Weather variations mean each season has its own success and failure stories. He has 14 different types of cauliflower growing well this year. The cumulis variety, in particular, is producing massive heads, some weighing in at 4kg.
Meanwhile, the Jerusalem artichokes are smaller than last season, but still perfectly good to eat.
Alistair's advice for home gardeners is: "Love your soil."
"You've got to look after your soil. If the soil is sad you won't produce good vegetables.
"A healthy plant will actually
resist a lot of disease and pests."
He uses artificial fertilisers and fish byproducts and also returns waste cuts from crops to the soil. "All the leaves, anything we don't want gets chopped up again and recycled."

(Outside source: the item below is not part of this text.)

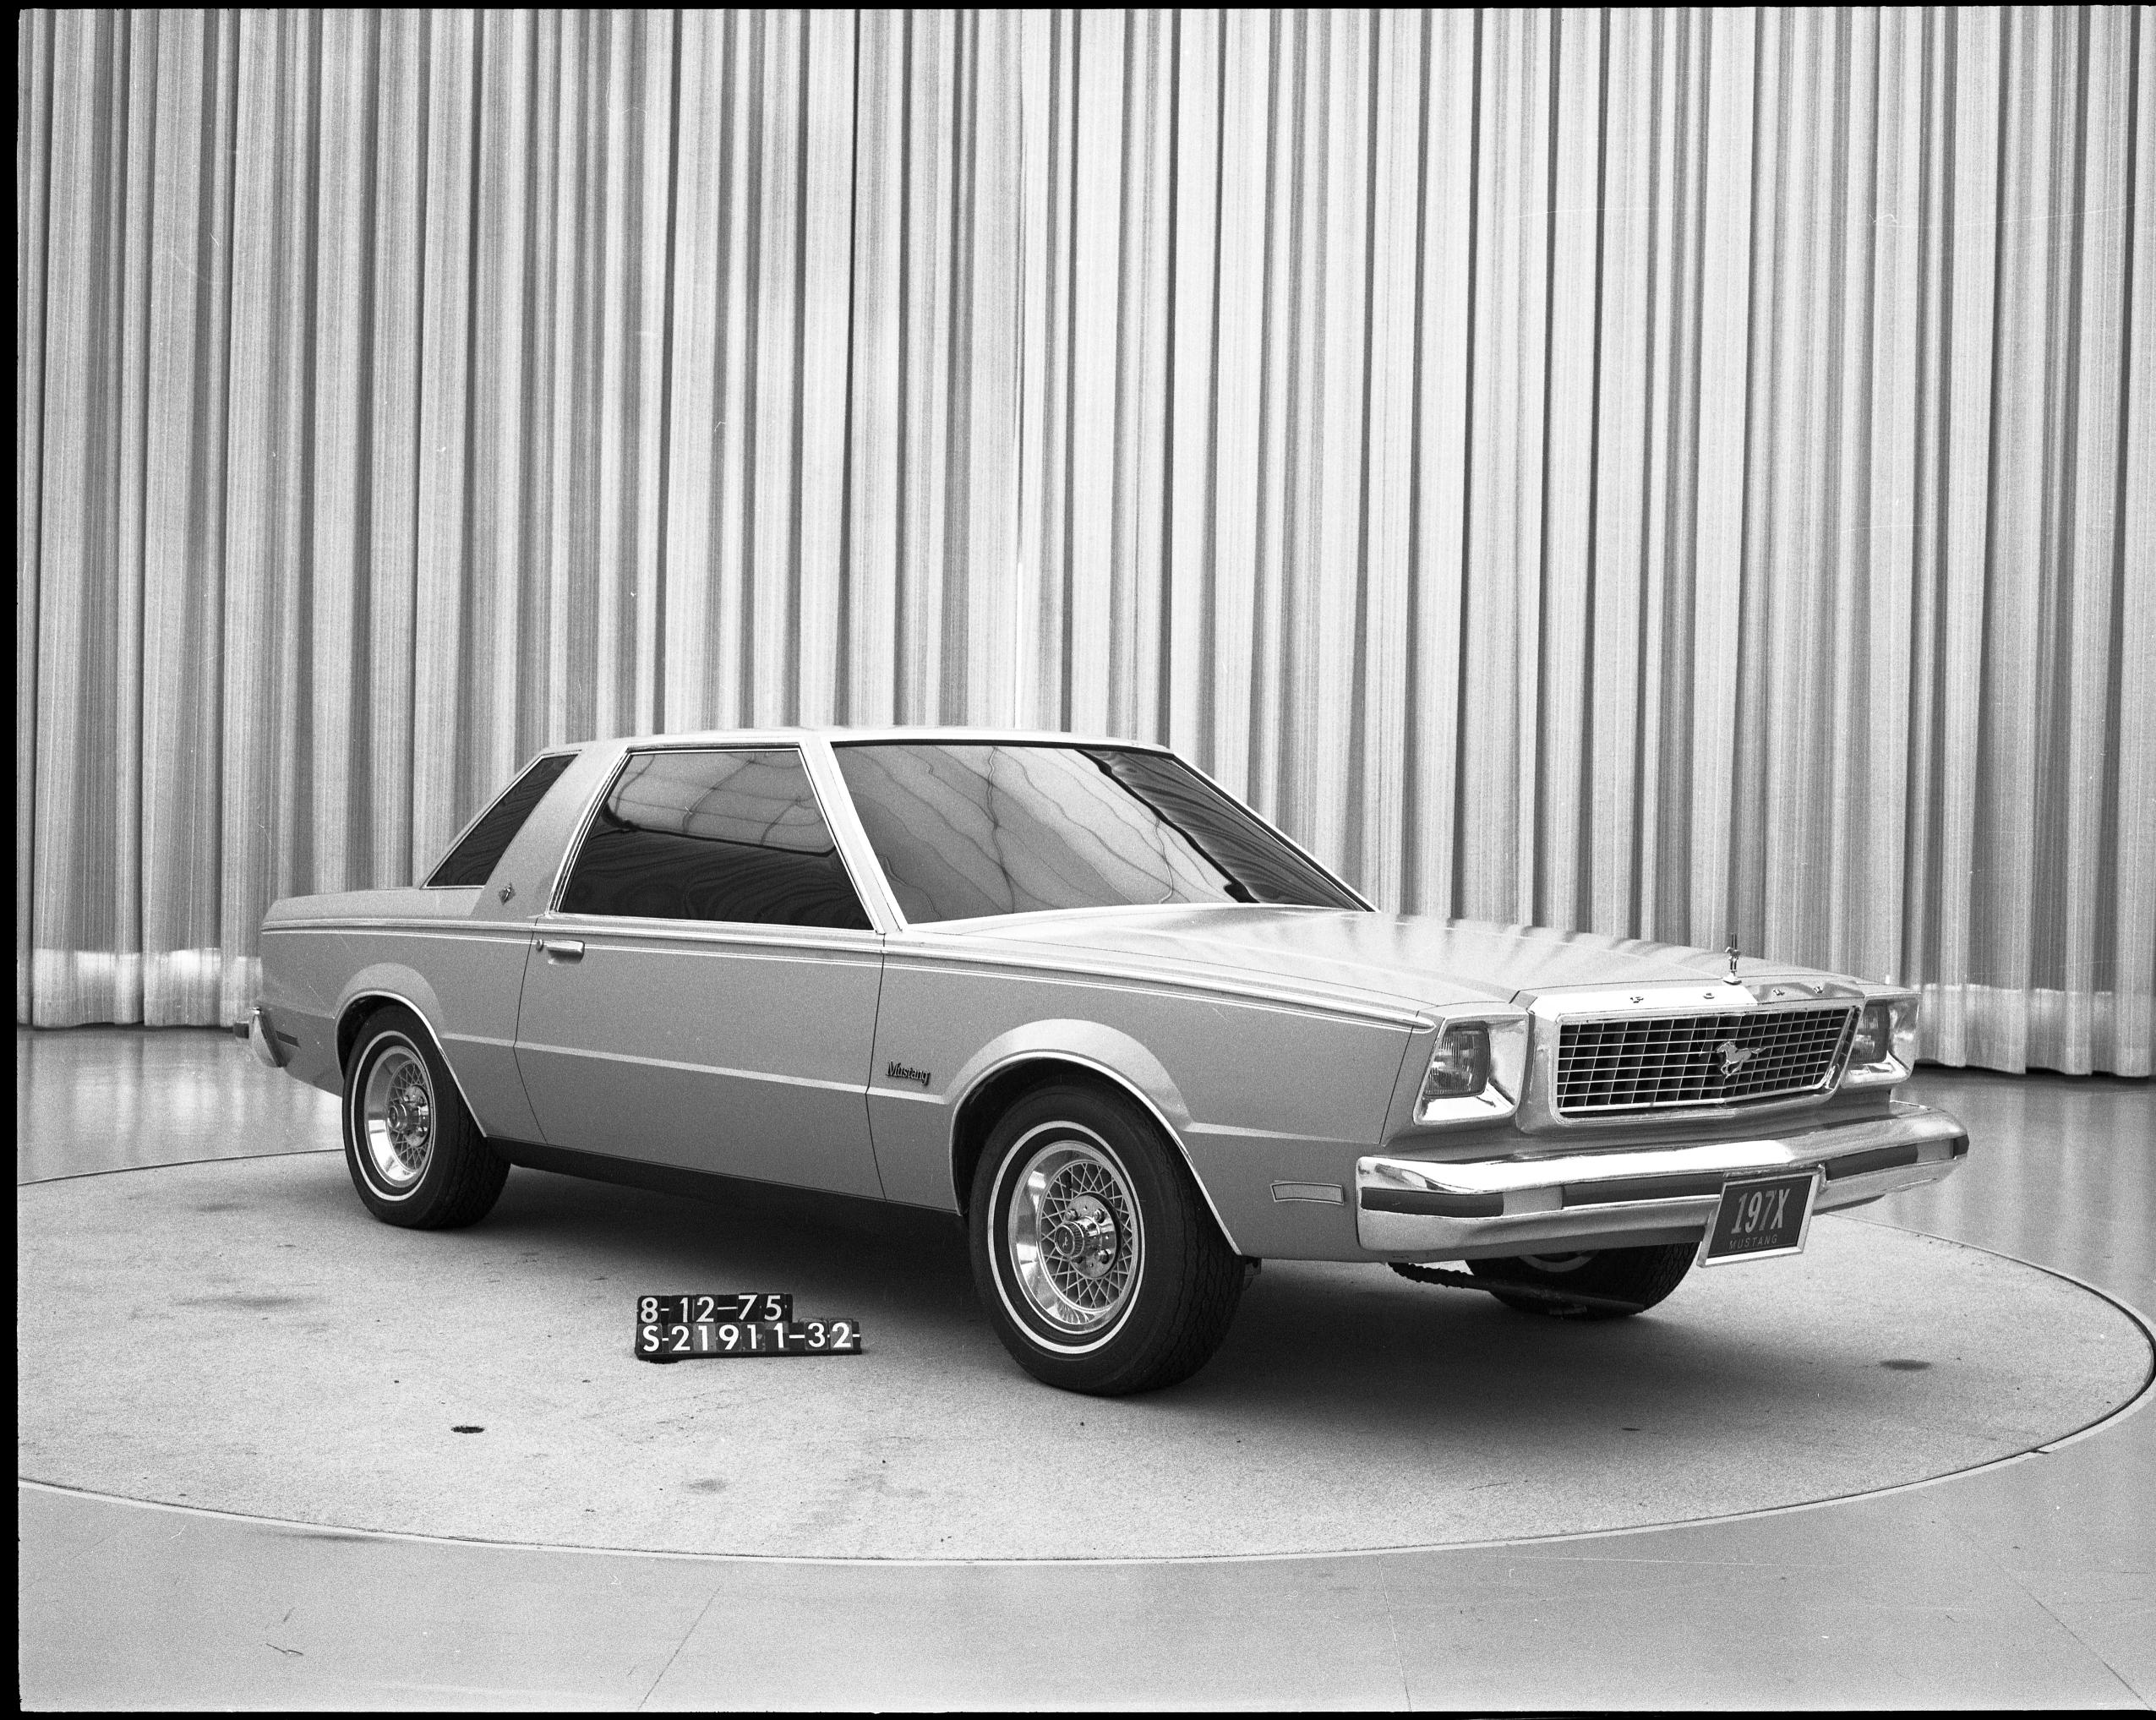 A full-scale mockup that carries over some Mustang II front end styling elements in a squared-off, more formal treatment

Until now, Alistair has propagated his own plants, but has decided to buy in seedlings for the coming season to free up some time and also to see if they produce better results.
Spudz N Greens is very much a family affair. Alistair brings home tubs of vegetables decorated with rich Marlborough soil on Saturday mornings.
Kathryn spends most Saturday afternoons preparing the vegetables for sale, which is no small task: washing away the dirt, trimming the leaves and packing them up for the market the next day.
Daughter Sophie is well involved too, helping to plant, pick and prepare the crops, when she's not busy with netball.
"I don't think she wants to do it for a living," says Alistair.
"But you know, you dangle some dollars, money does talk in this world."
Most Sundays you'll find Kathryn and Sophie on the stand at the market selling the produce, while Alistair is back and forth between the ute and the stall stacking up the giant cauliflower or packing paper bags of potatoes.
They enjoy chatting with their customers; sometimes sharing information about how to prepare the vegetables, but also hearing from customers about their cooking methods.
As the Farmers' Market's newly appointed volunteer co-ordinator, Alistair has the responsibility of arriving first at the A & P Showgrounds each Sunday to open the gates and make sure all the stallholders have a place to set up shop.
They enjoy the camaraderie of the market, but also enjoy an early night on Sundays after their busy weekends.